DEVANT UN DESSIN

de Benjamin L. Aman, nous sommes devant une impossible mesure du temps de la nuit, de la sorgue – qui désignait la nuit dans l’argot des paysans au Moyen-Âge – voire des ténèbres. Nous sommes au bord de la falaise dans la nuit tombante, à moins que ce ne soit au moment des premières lueurs du jour. Enveloppés dans le voile du crépuscule ou dans celui des fantômes de l’aube. Nous sommes devant l’extension infinie d’un horizon qui vacille à peine, dans une vibration constante et indéterminée entre l’apparition et la disparition. Entre l’avènement du jour et son tarissement. La possibilité ténue de l’espace d’un paysage se maintient dans le dépeuplement du temps.
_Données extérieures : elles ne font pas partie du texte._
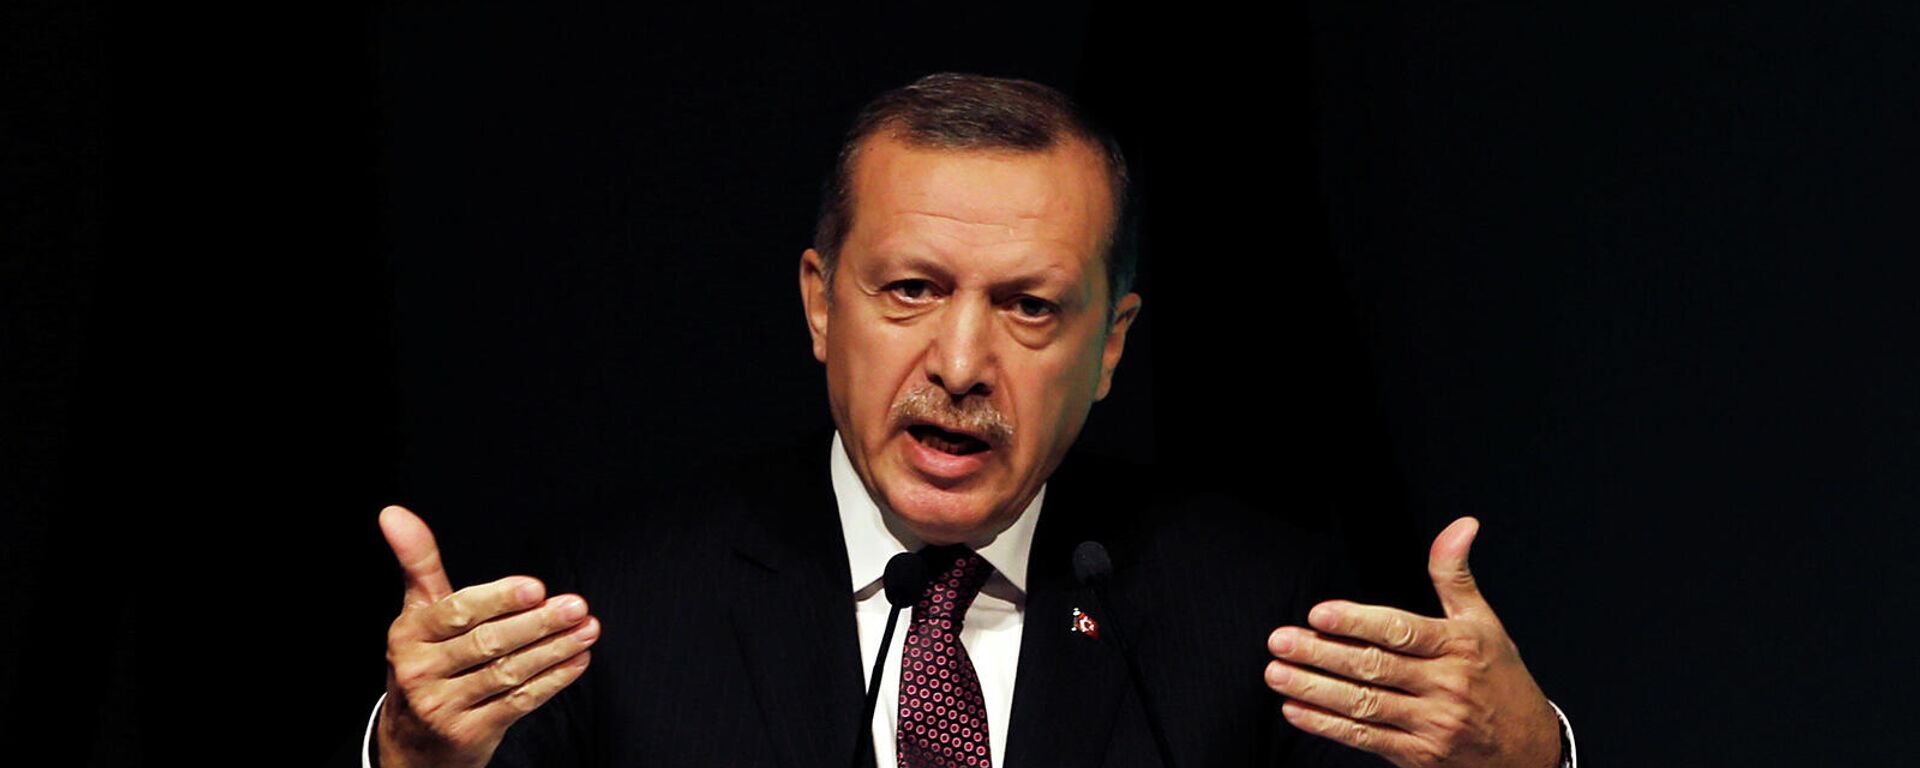 Премьер-миистр Турции Реджеп Тайип Эрдоган выступает с речью на симпозиуме по глобальной политике в отношении алкоголя (26 апреля 2013). Стамбул - Sputnik Армения, 1920, 18.11.2021

Une lumière du noir ou une matière noire. Dans une posture minimaliste et délicate que je rapprocherais volontiers d’un Robert Ryman, la lumière, sa présence, et même plutôt son immanence est une question centrale dans le travail de l’artiste, dans sa pratique du dessin et de ses installations. Cette matière noire et toutes les subtilités de ses nuances, parfois alliée à une autre couleur tout aussi vibratile, comme un bleu océanique profond, cette matière reste aérienne malgré sa tourbe, sa teinte de terre volcanique. Elle bruit incontestablement au contact de la lumière naturelle. Noir velouté, le pastel. Noir soyeux légèrement métallique, le graphite. La sensualité caverneuse de ces deux matériaux de prédilection de Benjamin L. Aman éveille une irrésistible métaphore de la très peu lumineuse constellation, la Chevelure de Bérénice.
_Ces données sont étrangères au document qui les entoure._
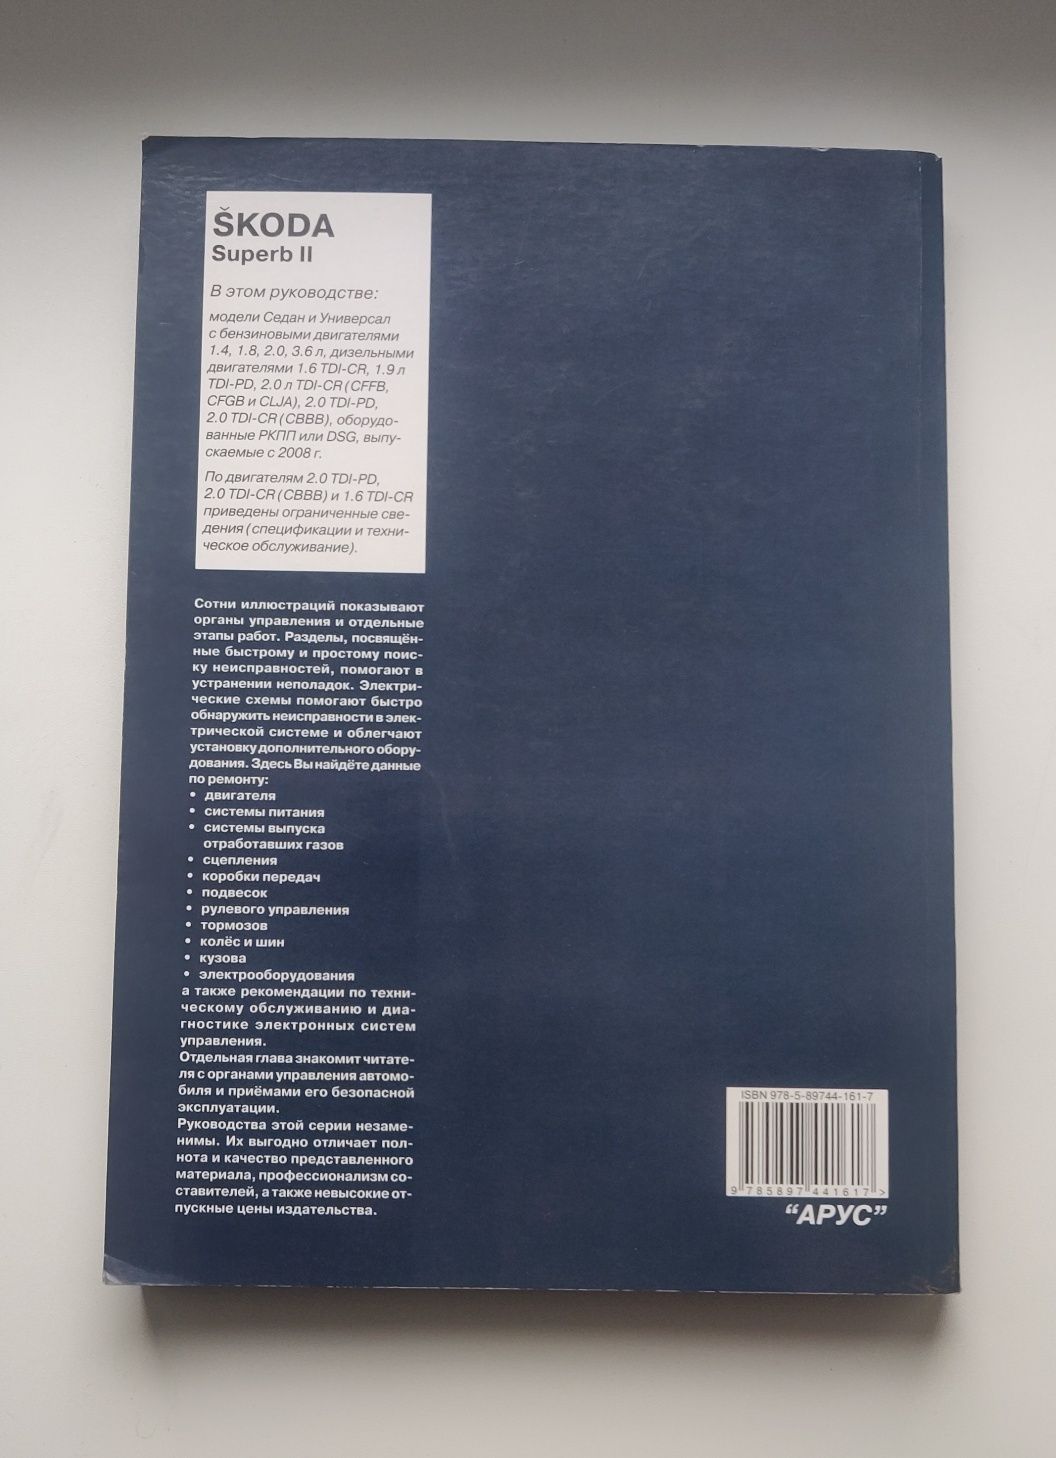 Книга: Skoda Superb II. Керівництво по ремонту та експлуатації.
Деталь

Il n’y a pas d’image stabilisée dans une apparence. Il n’y a pas d’image chevillée au support du papier. Et pourtant, je ne suis pas devant le vide, mais dans une relation intime qui se tisse avec ces horizons. Une image peut émerger au bout de la Falaise ou au-delà, ne serait-ce que mes propres visions intérieures. Dans ces espaces ouverts, que nous pouvons tout autant éprouver à l’écoute du travail sonore que dans une installation de l’artiste, s’augurent toutes sortes d’errances songeuses, méditatives, sans doute parce qu’ils aspirent à une sensation pure, une limite tendue entre le spectre de la lumière et la chute du temps.